Full thickness: white, brown, or black; painless; dry; leathery. Does not heal without surgical skin grafting.
Prevention
- Hot water heater: turn the household setting down to a maximum of 49°C.
- Bath: use a thermometer; aim for 37–38°C. Always run the cold tap last.
- Hot drinks: never put a tea or coffee within reach of a young child. A toddler tipping a hot mug on themselves causes preventable scalds every week in UK A&Es.

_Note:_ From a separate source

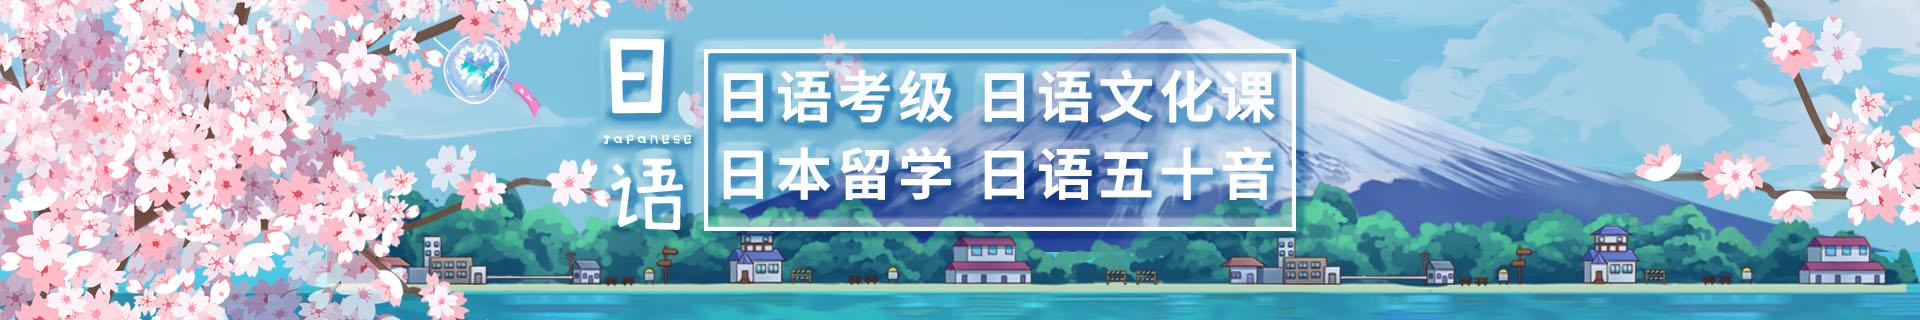 西安雁塔区樱花国际日语培训机构

- Cooking: use the back rings; turn pan handles toward the back of the hob; ideally keep young children out of the kitchen while cooking.
- Smoke alarms: one on every floor, tested monthly.
Key Takeaways
Scalds from hot liquids are the most common cause of serious burns in children under 5, with most occurring in the kitchen or bath. The correct first aid for a burn or scald is to cool the affected area with cool running water for a minimum of 20 minutes, starting within 3 hours of the injury. Do not use ice, butter, toothpaste, or other home remedies. Remove clothing and jewellery from the affected area but not if it is stuck to the skin. All burns in children other than very minor superficial burns should be assessed by a healthcare professional, and specific features – burns to hands, feet, face, genitals, or joints; large burns; circumferential burns; chemical burns; and burns in children under 5 months – require emergency assessment.